La communication peut alors avoir lieu « par gestes », à l’aide de « quelques mots » (D- Aurélien-E/ D-Cécile-E) pour exprimer une idée plus « global[e] » (E-Gabriel-E) ou par traduction (pour la famille E aussi en particulier au début quand les enfants ne connaissaient pas encore trop l’anglais).

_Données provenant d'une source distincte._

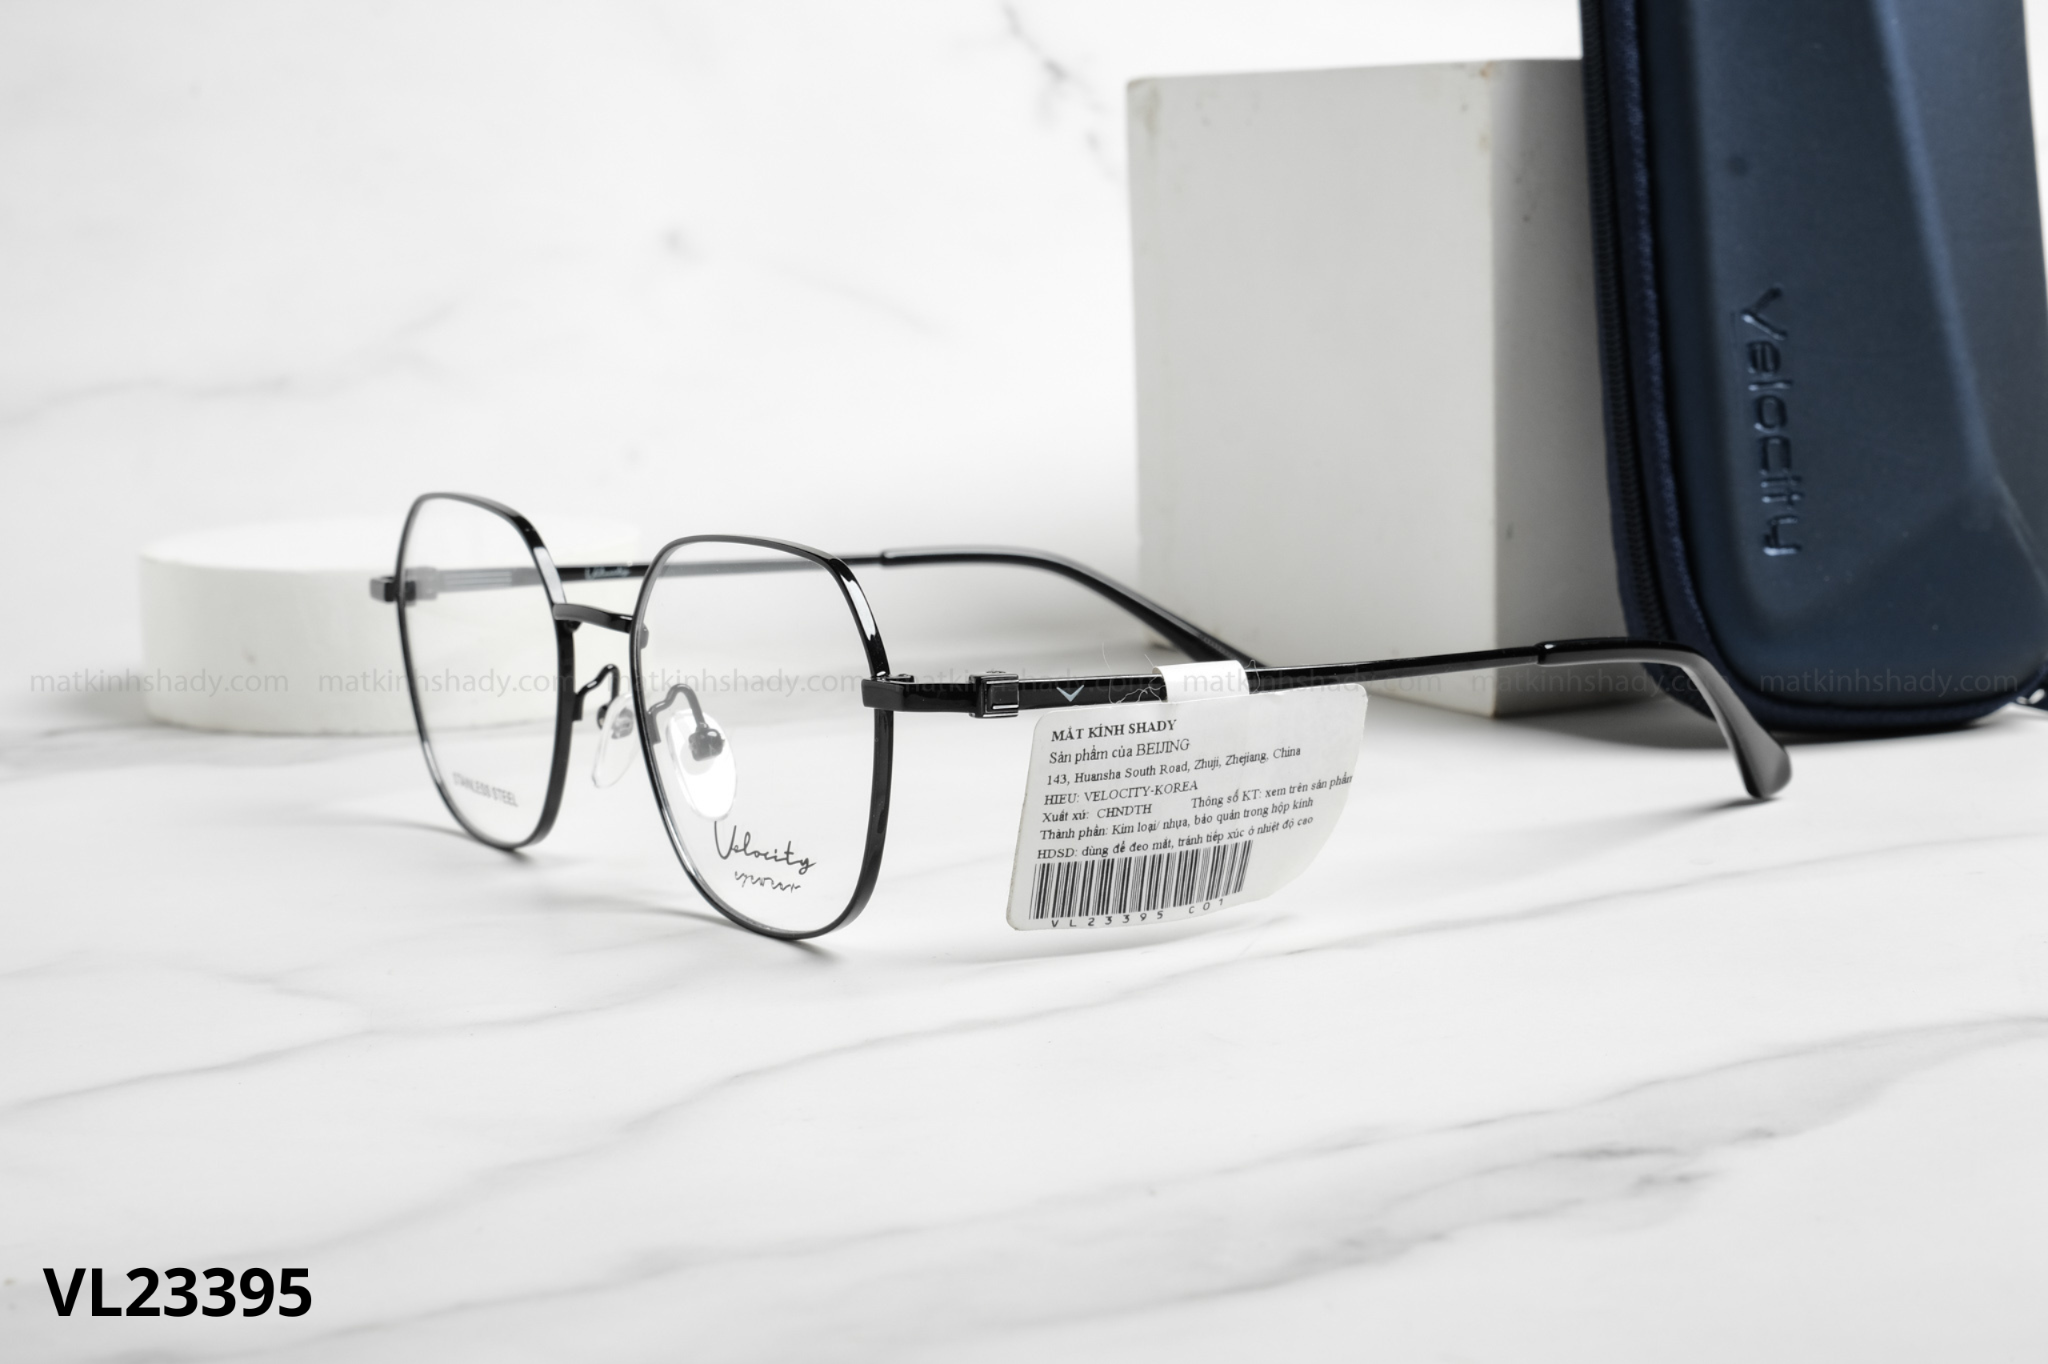  Velocity Eyewear - Glasses - VL23395

1.2.2) Dans le pays d’origine du parent migrant

Quand les enfants ont la possibilité de voyager dans le pays d’origine du parent migrant en utilisant une autre langue que sa LO, il y a moins de motivation à la transmettre. Nous venons de voir que l’anglais était pour des raisons différentes très largement répandu au Danemark et aux Philippines. En ce qui concerne le Maroc, Amina et Karim soulignent que le fait que leurs enfants ne connaissent pas ou peu le marocain « ne sera pas un problème » (D-Amina-PM-448) pour s’y rendre puisque « tout le monde [y] parle le français » (F-Karim-PM-116).

Au-delà des politiques linguistiques familiales raisonnées, réfléchies, il arrive que le choix de ne pas transmettre sa langue d’origine s’impose parfois au parent migrant même quand la famille élargie et/ou le parent natif tentent d’encourager la transmission :

D-Amina-PM-436/438 « Je disais vous avez raison mais j’ai du mal (…) je ne peux pas vous expliquer je ne vais pas me forcer »

Communiquer en français avec ses enfants est alors envisagé comme « une nature » (F-Karim- PM-50) qui n’est pas le résultat d’une prise de décision :

F-Karim-PM-84 « je ne me pose pas la question c’est comme ça c’est comme ça »

Les choix sont donc plus ou moins explicites et les parents ne s’expliquent pas toujours pourquoi ils n’ont pas transmis leur LO. Il faut alors s’intéresser aux différentes dimensions

proposées notamment par Deprez pour tenter d’analyser ce qui a guidé le choix des parents en plus des raisons déclarées, conscientisées.